» Requirement
Copy the following data exactly and drop the pictures.

» The data
****************

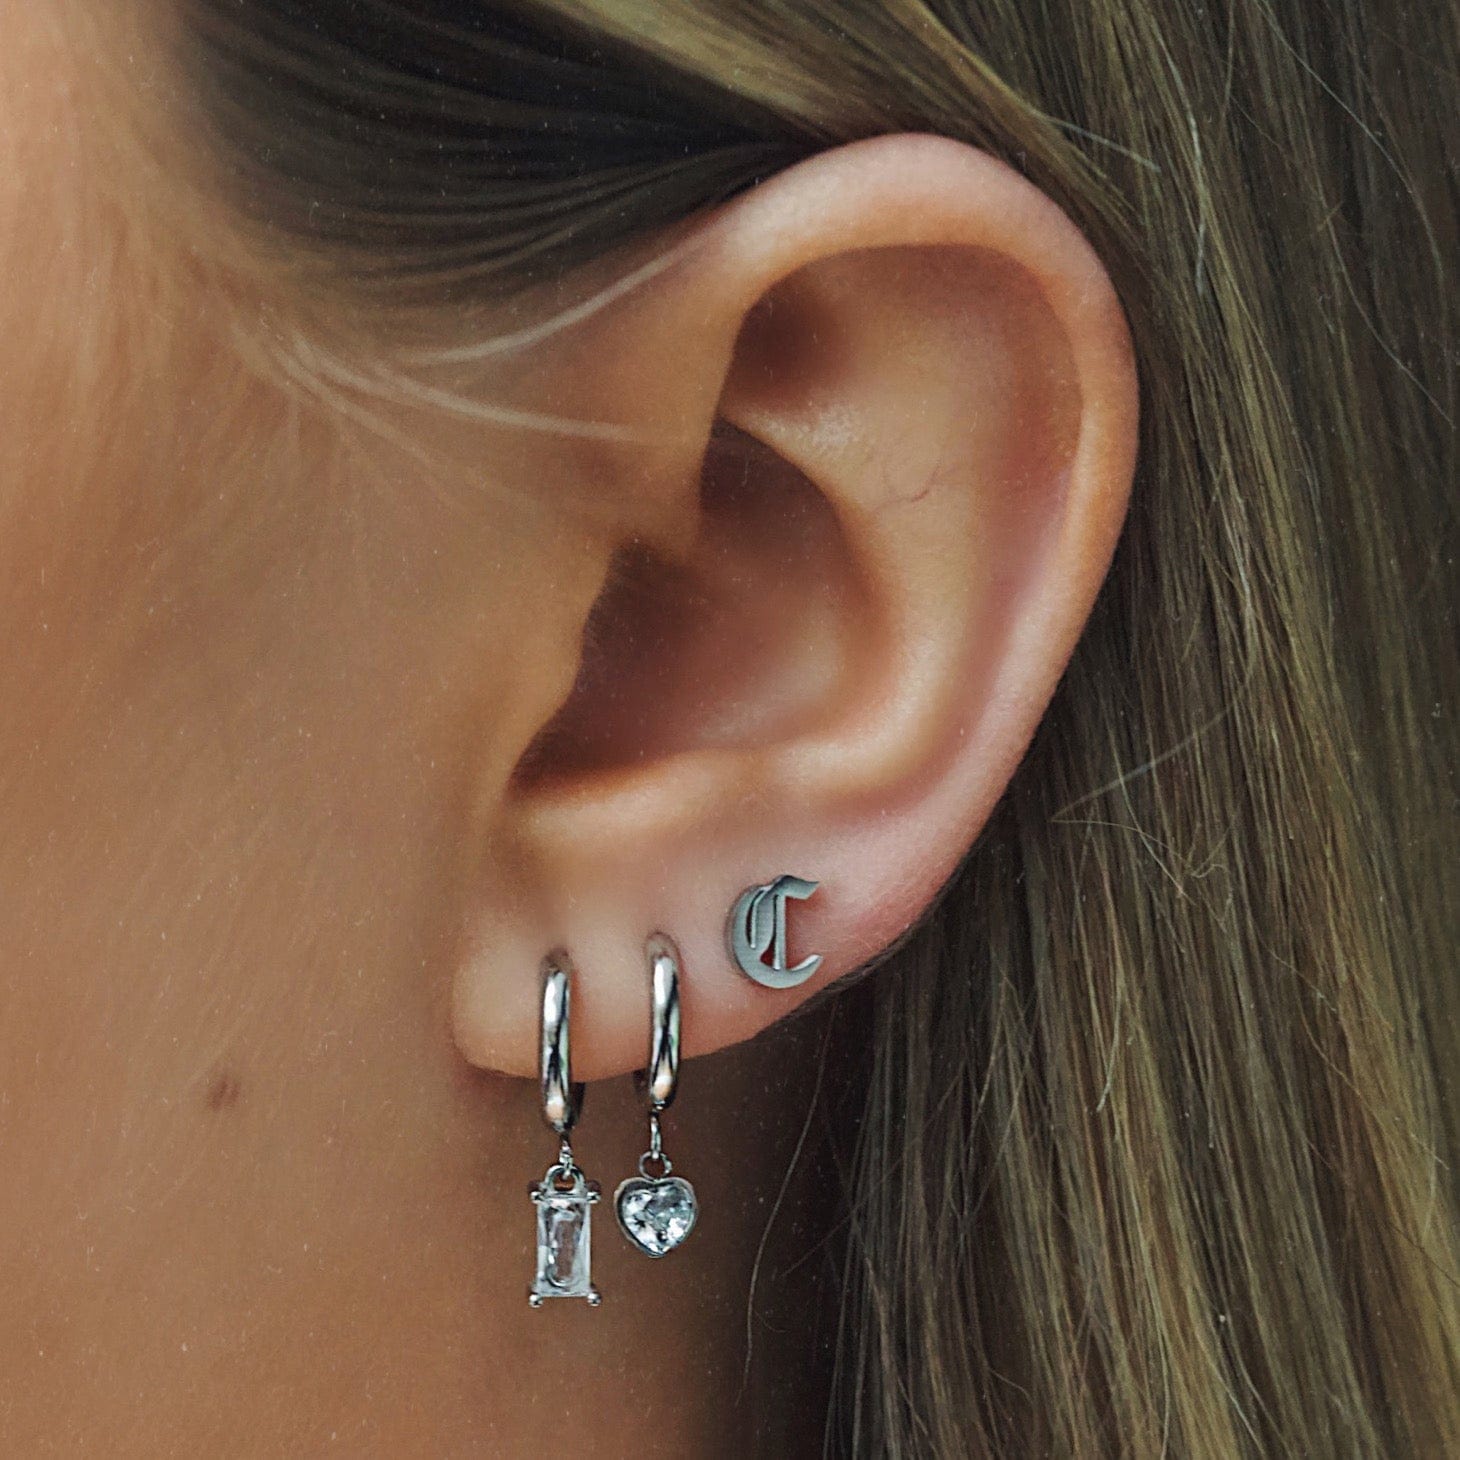 BOHOMOON Stainless Steel Gothic Initial Earrings
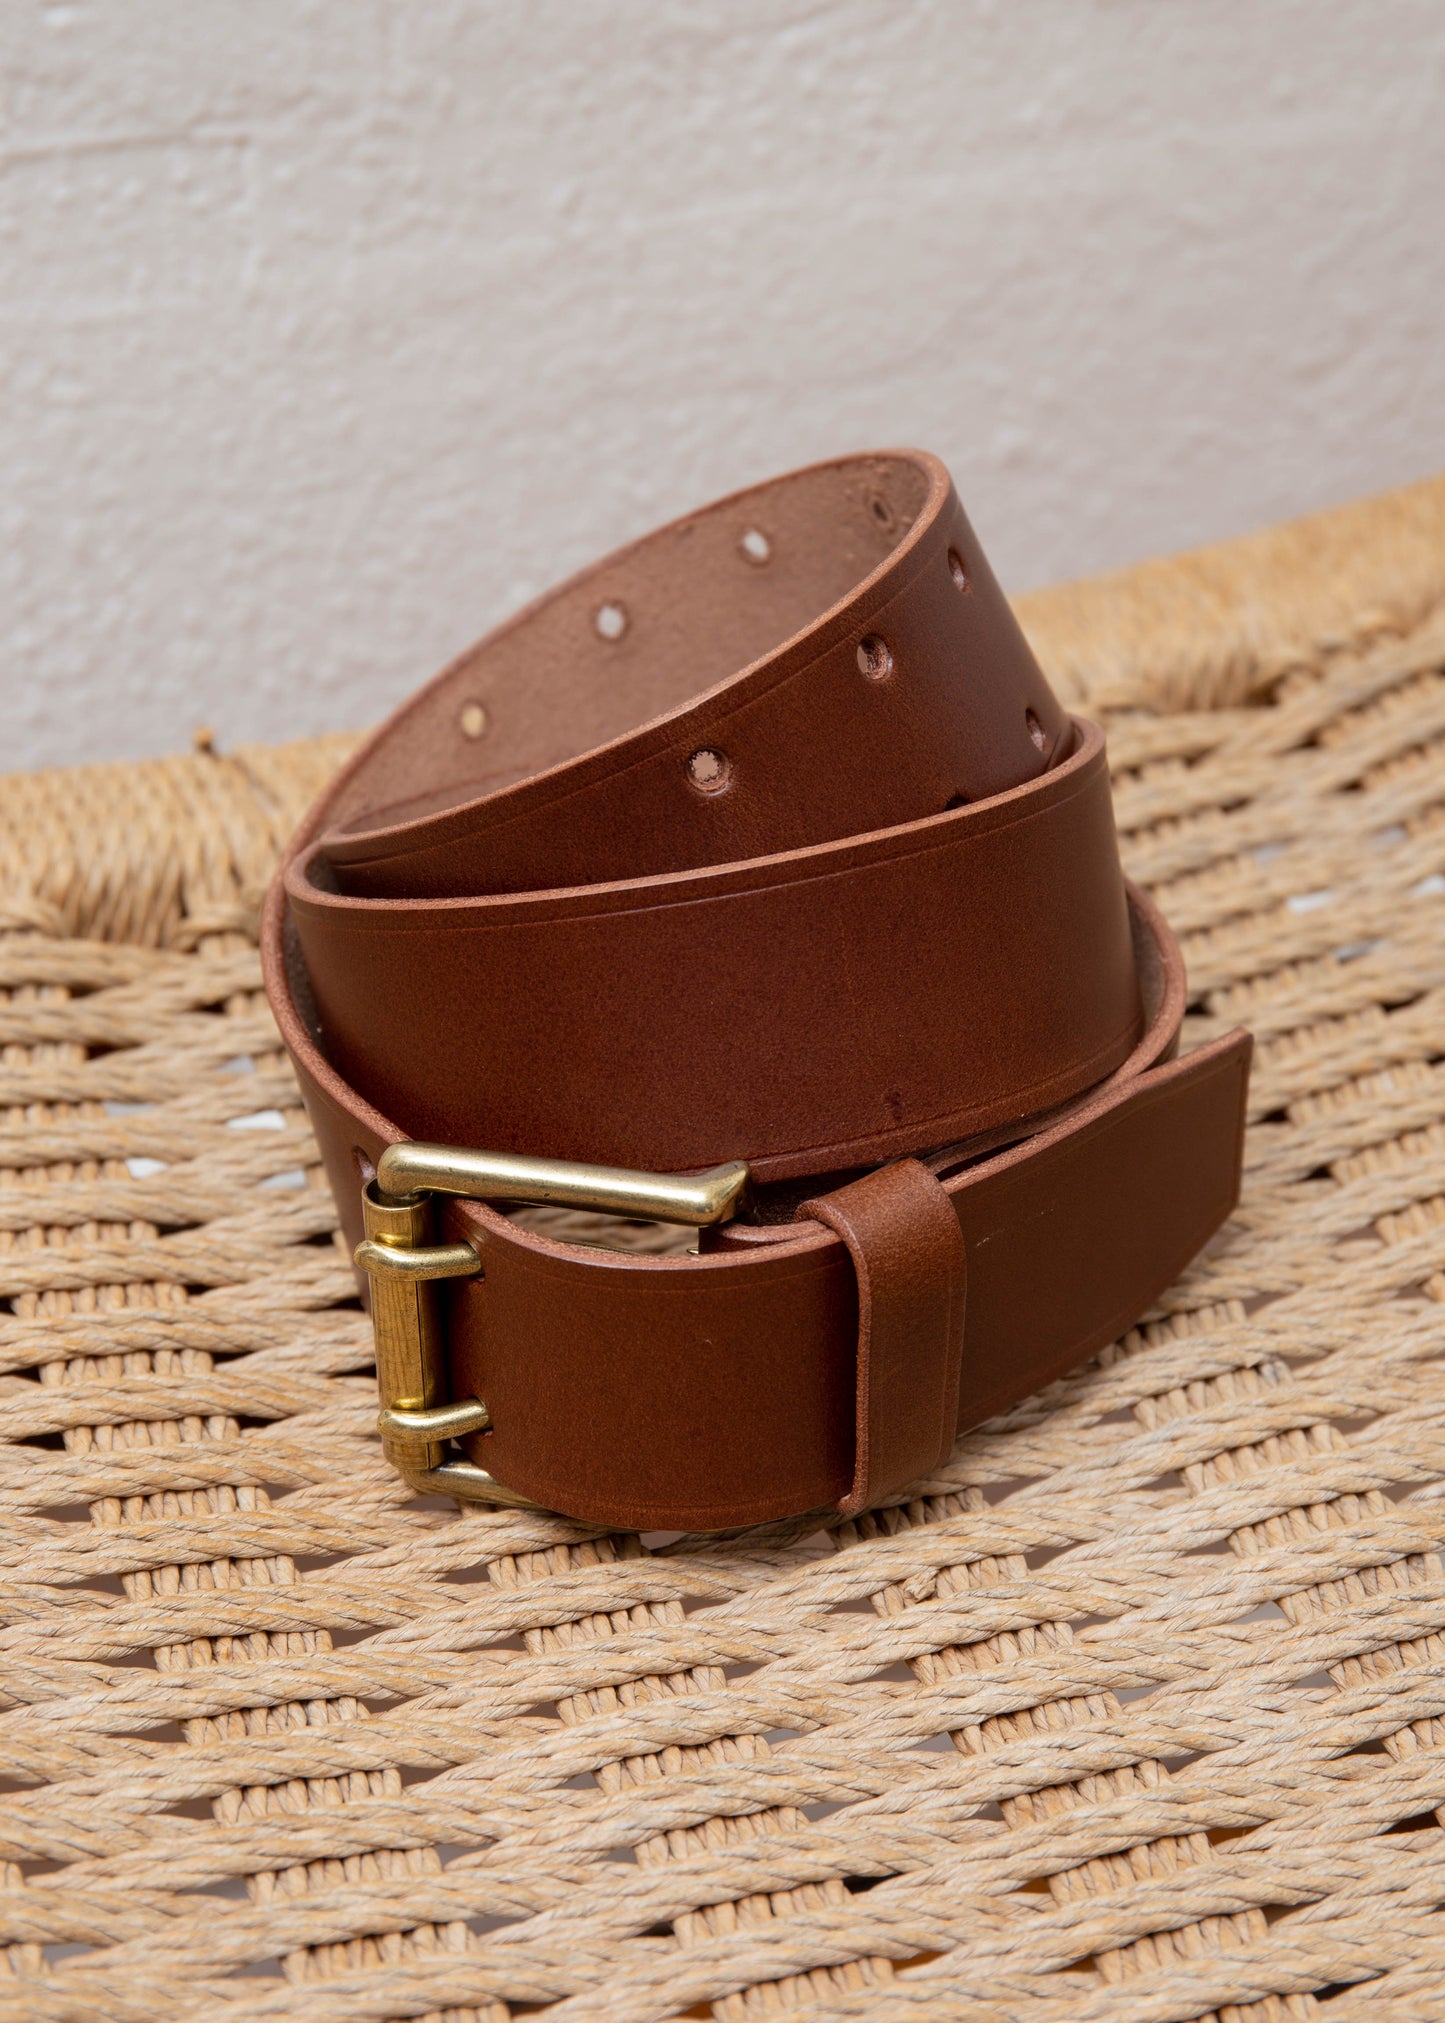 Close up of cow leather belt in color dark brown folded
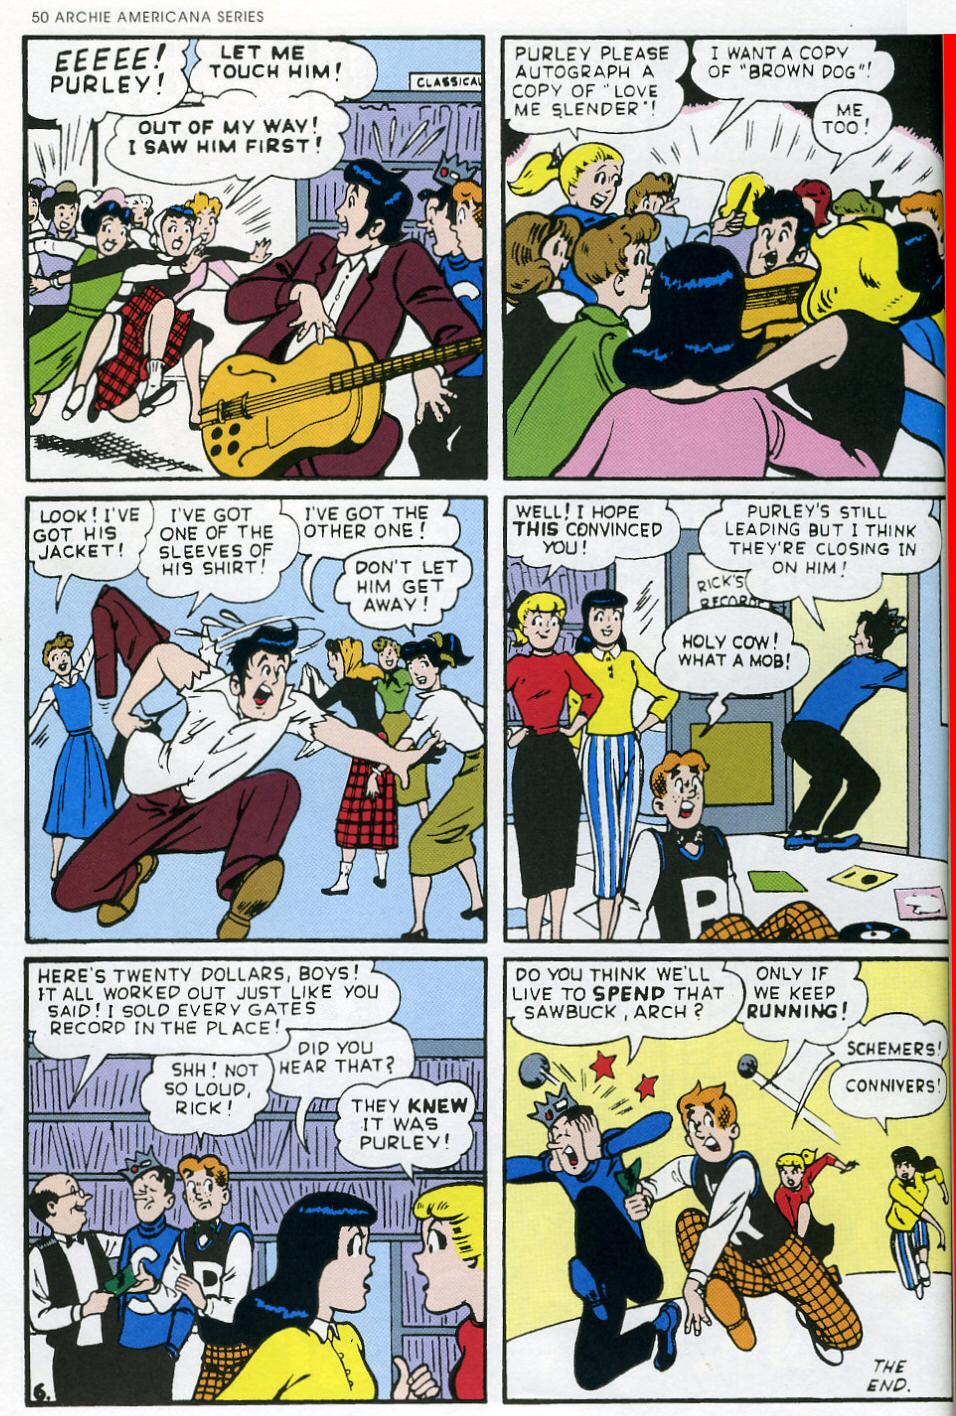 Read online Archie Americana Series comic -  Issue # TPB 2 - 52

****************

» Output of the exercise
 BOHOMOON Stainless Steel Gothic Initial Earrings
 Close up of cow leather belt in color dark brown folded
 Read online Archie Americana Series comic -  Issue # TPB 2 - 52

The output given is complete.